Whether or not Cagayan Fishing Development Corporation has validly transferred (thru a
contract of sale) the four parcels of land to Teodoro Sandiko.

RULING:

NO. The transfer was made almost five months before the incorporation of the company.
Unquestionably, a duly organized corporation has the power to purchase and hold such real
property as the purposes for which such corporation was formed may permit and for this
purpose may enter into such contracts as may be necessary (sec. 13, pars. 5 and 9, and sec.
14, Act No. 1459). But before a corporation may be said to be lawfully organized, many
things have to be done. Among other things, the law requires the filing of articles of
incorporation (secs. 6 et seq., Act. No. 1459). Although there is a presumption that all the
requirements of law have been complied with (sec. 334, par. 31 Code of Civil Procedure), in
the case before us it cannot be denied that the plaintiff was not yet incorporated when it
entered into a contract of sale. The contract itself referred to the plaintiff as "una sociedad
en vias de incorporacion." It was not even a de facto corporation at the time. Not being in
legal existence then, it did not possess juridical capacity to enter into the contract.

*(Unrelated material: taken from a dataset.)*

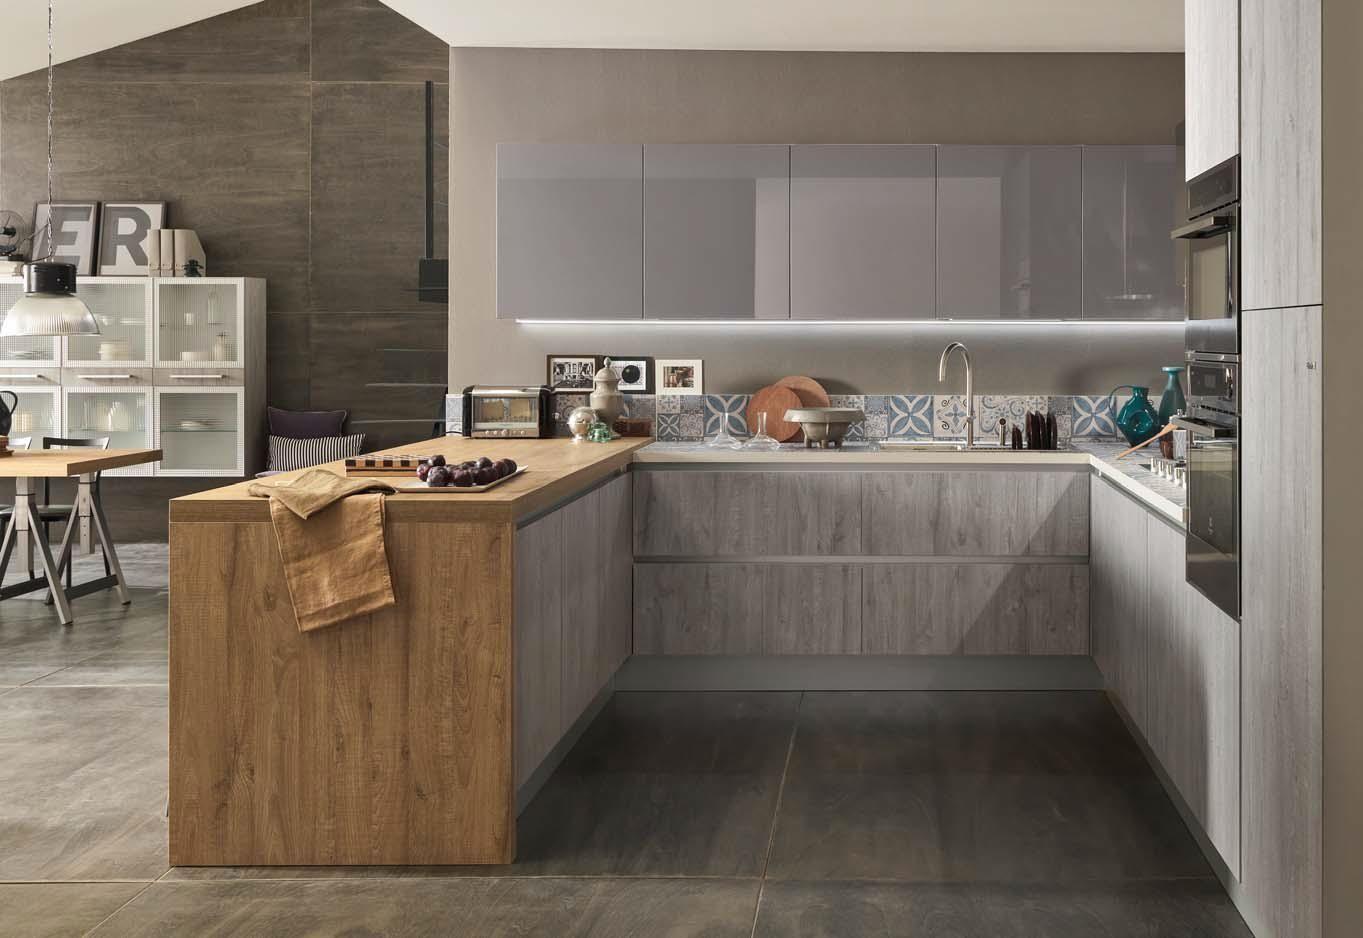 Trainotti Design Arredo Casa Cucine Febal Arredo Interni
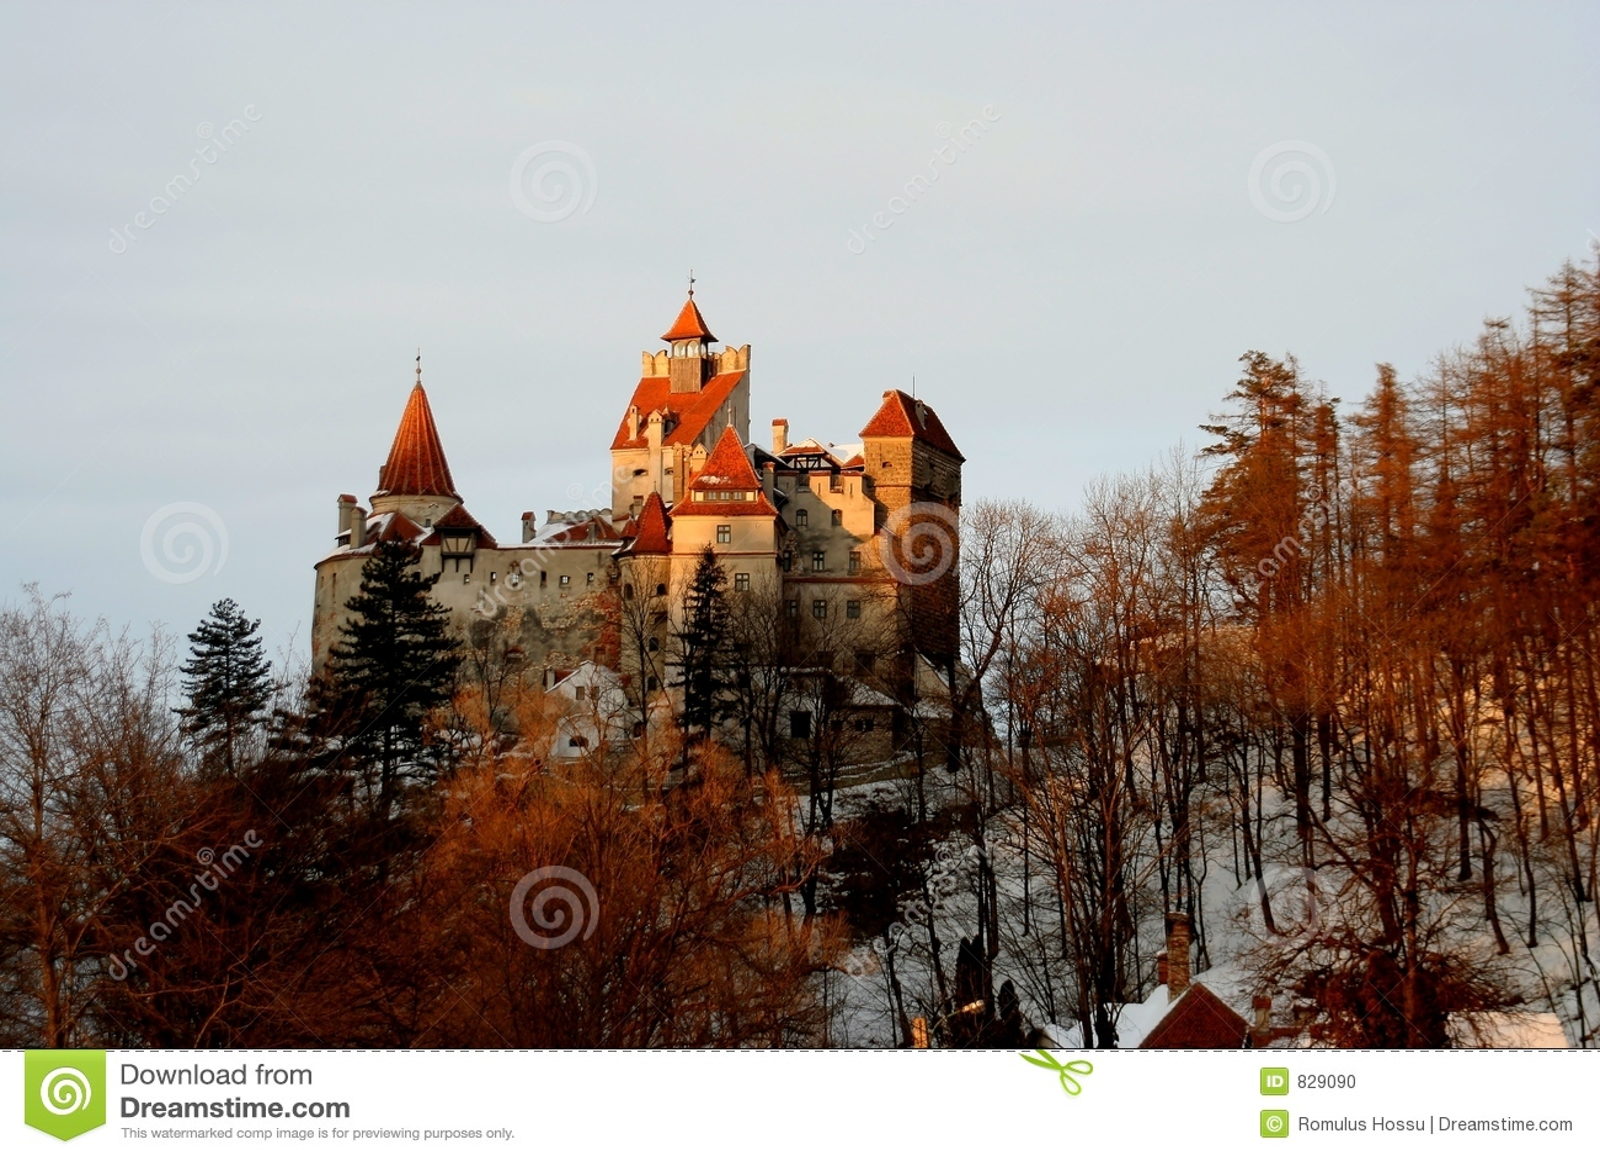 Dracula s Castle - Dusk

Boiled down to its naked reality, the contract here was entered into not between Manuel
Tabora and a non-existent corporation but between the Manuel Tabora as owner of the four
parcels of lands on the one hand and the same Manuel Tabora, his wife and others, as mere
promoters of a corporations on the other hand. For reasons that are selfevident, these
promoters could not have acted as agent for a projected corporation since that which no
legal existence could have no agent. A corporation, until organized, has no life and
therefore no faculties. It is, as it were, a child in ventre sa mere. This is not saying that under
no circumstances may the acts of promoters of a corporation be ratified by the corporation if
and when subsequently organized. There are, of course, exceptions but under the peculiar
facts and circumstances of the present case we decline to extend the doctrine of ratification
which would result in the commission of injustice or fraud to the candid and unwary.